12 thoughts on “Transit Center District Plan Workshop: Initial Ideas Tonight (4/30/08)”
  1. Tax-dollars busywork I say. This should have all been done years ago. The new grads still Lego-playing w/density & height @ this late time? AFTER the Transbay and other proposed buildings are on the boards? Is anyone home over there @ Planning? Just raise the height limit be done with it and move on to the other urgent projects in the City. Sheesh! Otherwise 20 yrs hence we will still be numbed into an endless only-in-Calif PROCESS resulting in an underbuilt environment with many lost opportunities, mixed messages and a downtown area that never quite reaches its potential.
    Can this time-standing-still city please move forward?

  2. I think some of these ideas are really great – in terms of funding the new bus station and getting density downtown. but..
    i have to wonder how developers will finance 1000 foot towers — it is my understanding that office rents will have to be $100 per sf, and condo sales will have to be near $2000 per sf to make these projects “pencil”, as the costs and time frame to build and lease are much higher, at least 50%, than even “tall” structures like tishmans 555 mission street and 301 MIssion – millenium.
    remember — tishman is asking $85 psf rents and MIllenium is asking $1500 psf.
    i also wonder what is the citys plan for environmental review. I saw a recent article explaining how law prevents shadowing public spaces like union square and these project look certain to do so.
    lastly these cost of these projects are estimated to be around $1 BIL – thats for one building. when does anyone think the debt markets will recover enough to finance this sum? that would require a construction loan of say $700 MIL.
    [Editor’s Note: Millennium is the “605 foot” tower represented above.]

  3. Take me higher! 1200 feet sounds fine. Now about pedestrian safety issues like traffic calming in the Rincon Hill neighborhood ….

  4. Just build the f%’&&$ing thing already!! Why haven’t these ‘public workshops’ been conducted over the past 8 years? Now we have to wait another 2 years for the neighborhood militia to voice their helpless opinions. Gyawd!

  5. Invented:
    The reason we have all these empty lots in S.F. is owners are sitting on them in the hope that one day they will be upzoned to allow greater height and increased density.
    In cities like Washington D.C. or Paris, or S.F. neighborhorhoods like Pacific Heights where it is clear such upzoning will never happen, there are no empty lots.
    The planning department’s policy of upzoning is the real reason for the empty lots.

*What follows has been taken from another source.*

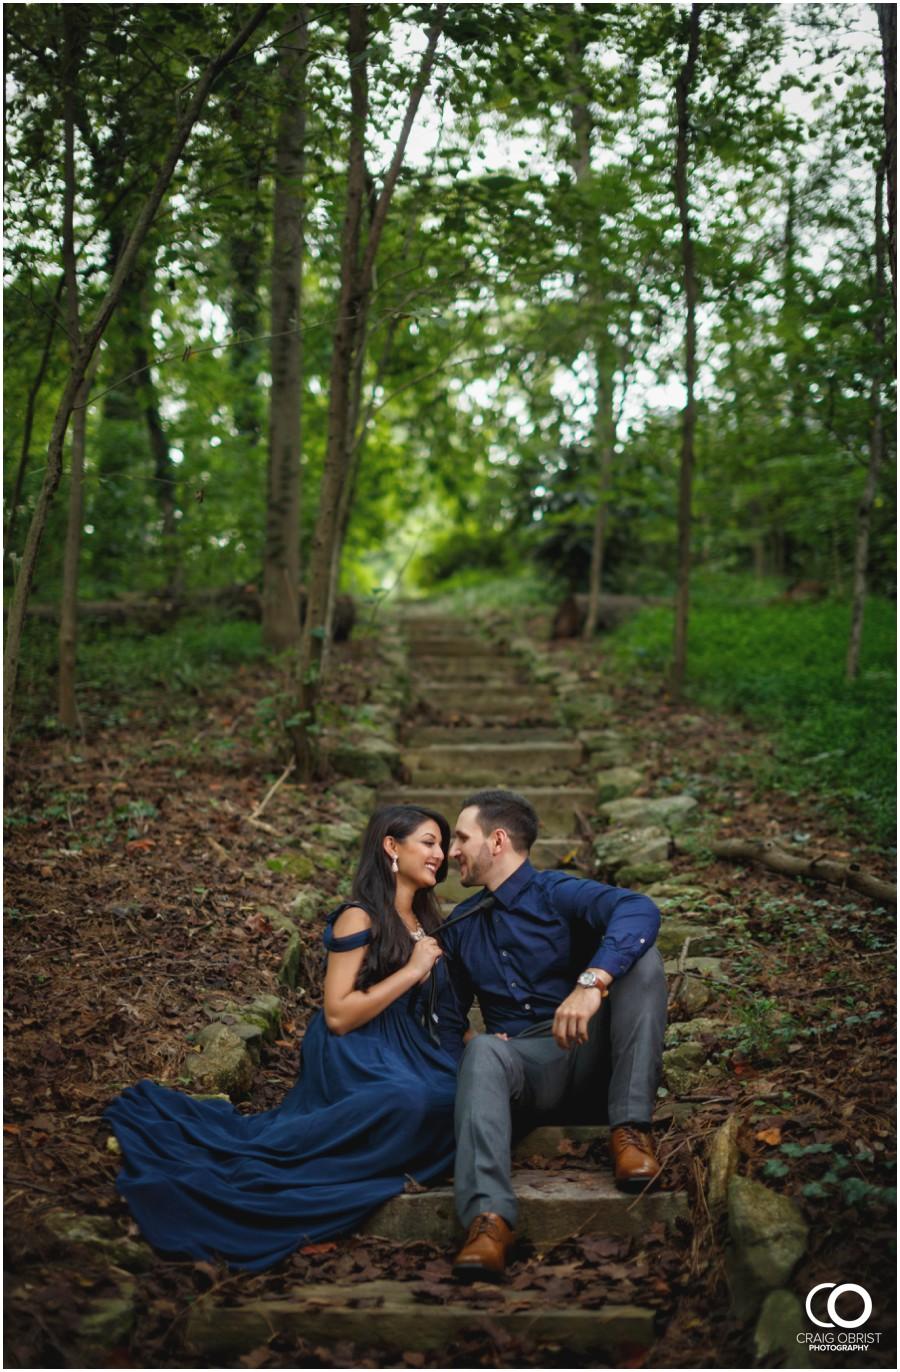 Emory-Lullwater-Park-Engagement-Portraits_0017.jpg

  6. Exactly how tall does a building have to be to cast a shadow on union sq… probably a quarter mile away..
    GOD people in this town are not all that smart

  7. Actually many of the empty lots are currently being used as construction staging by Caltrans for the Bay Bridge construction. When they are done they will be handed over to the City to redevelop them.

  8. bob – its just geometry and math. you can probably figure it out yourself if you get out a map. ps- its the morning hours.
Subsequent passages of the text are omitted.